ディテールの積み重ねが、紡ぐ日常を増幅させる



 本作は、のん演じる一人の女性「すず」の日常を日記形式で丁寧に綴るアニメ作品である。子供の頃のエピソードから始まり、18歳でお嫁に行った先での日々を描いていく。シンプルにそれだけを描いている。起きて朝ご飯の支度をして、洗濯をして掃除をする。ご近所さんとのおつきあいがあり、たまには実家に戻り、また帰ってくる。その繰り返し。戦時下の激動の時代に翻弄される女性といったような、大河ロマンのような大げさのものはほとんどなく、平凡な日常生活にそっと寄り添い見つめているのがこの映画の基本だ。


 もちろんそうした生活の中にも日々のドラマがあるのだが、戦時中の物不足の中で色々と工夫してご飯を作ったり、義姉との関係のストレスから円形脱毛症になったりと、日常で起こりそうな些細なことにフォーカスしていることがほとんどだ。(円形脱毛症のくだりは些細なことではないかもしれないが。。)しかし、このような何気ない日常の積み重ねにも関わらず、何故か飽きることなくむしろどんどん画面に引き込まれてしまうのである。戦時中の日常の描写を、違和感なく「自分ゴト化」してしまい「感情移入」させられてしまうのだ。



 これは、緻密な表現ディテールを徹底した片渕須直監督の力量によることが大きい。映画の舞台となる広島県呉市の町並みや戦時下の生活を、監督が徹底的にリサーチして作品に反映させているのは有名な話であるが、監督がディテールにこだわったのはそこだけにとどまらない。アニメならではの表現手法にもそのこだわりが反映されている。

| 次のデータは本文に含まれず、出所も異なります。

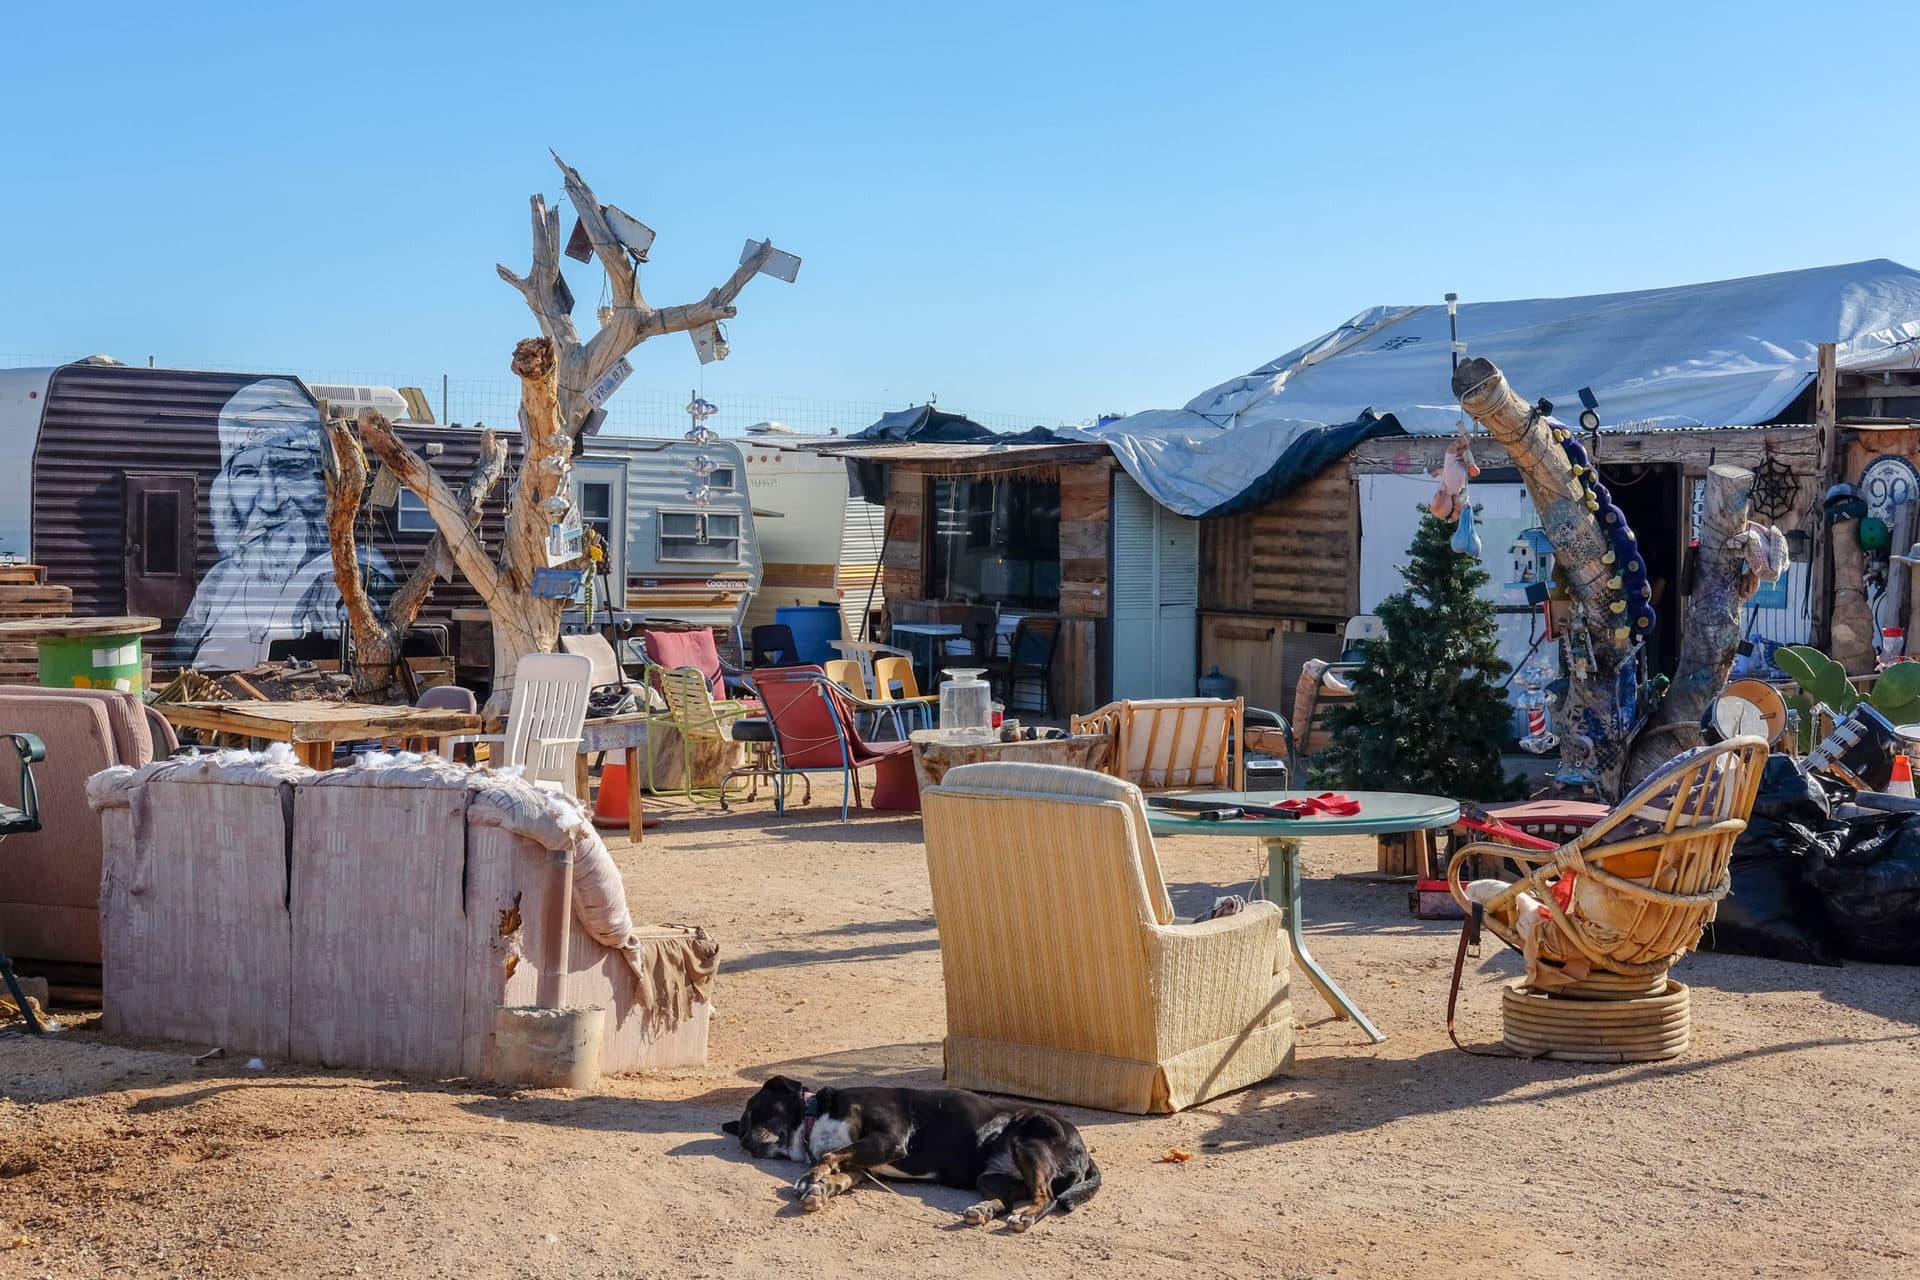 As Slab City grows, the community of outcasts, squatters, and desert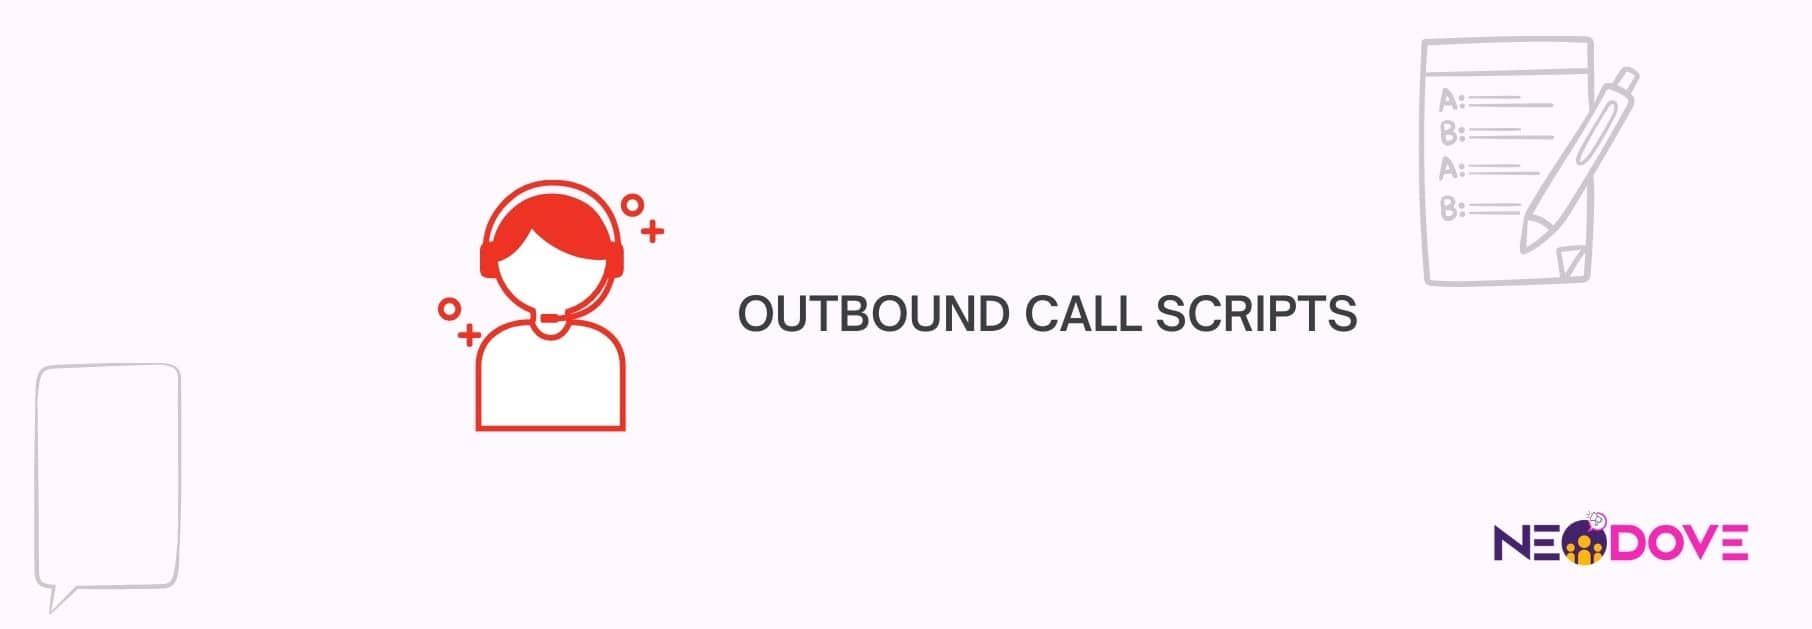 outbound call scripts

 監督のインタビューによると、通常日本のアニメでは「中抜き」と呼ばれ、原画と原画の間の中間ポーズを描いた「中割り」を入れないことが多いのだが、この作品ではあえて中割りを入れることによりキャラクターの動きを細かくし、本当にリアルに動いているように見えるようにしたというのである。例えば、ご飯を食べるシーンひとつを取っても、お箸をつかんだら、お椀の方の手でお箸を支えて、利き手が持ち替える仕草まで描いているのだそう。


 一見すると気づかないこのこだわりの積み重ねが、スクリーンを普遍的な「人の営み」で満たしていく。映画の中の日常と観客の日常がどんどんシンクロし「感情移入」していってしまうのだ。


 また、『この世界の(さらにいくつもの)片隅に』では、そこに、夫婦間の感情の揺れ、新たな友人との関係といった要素が、さらなるエピソードの積み重ねによって補完され、日常の営みとそれに付随してくるドラマが、より一層心に響いてくる構造となっている。




 そしてこの日常の体感が映画の基本となっていることから、当時の戦争というものが非日常のことには感じられず、戦争が日常に侵食してくる感覚をその身で体感せざるをえないのである。戦争というテーマを前面に押し出すことなく、観客に日常として体感させることにより、結果、戦争という恐ろしく異様な事態が「非日常」ではなく「日常」にある現実として、観ている側に押し寄せてくるのである。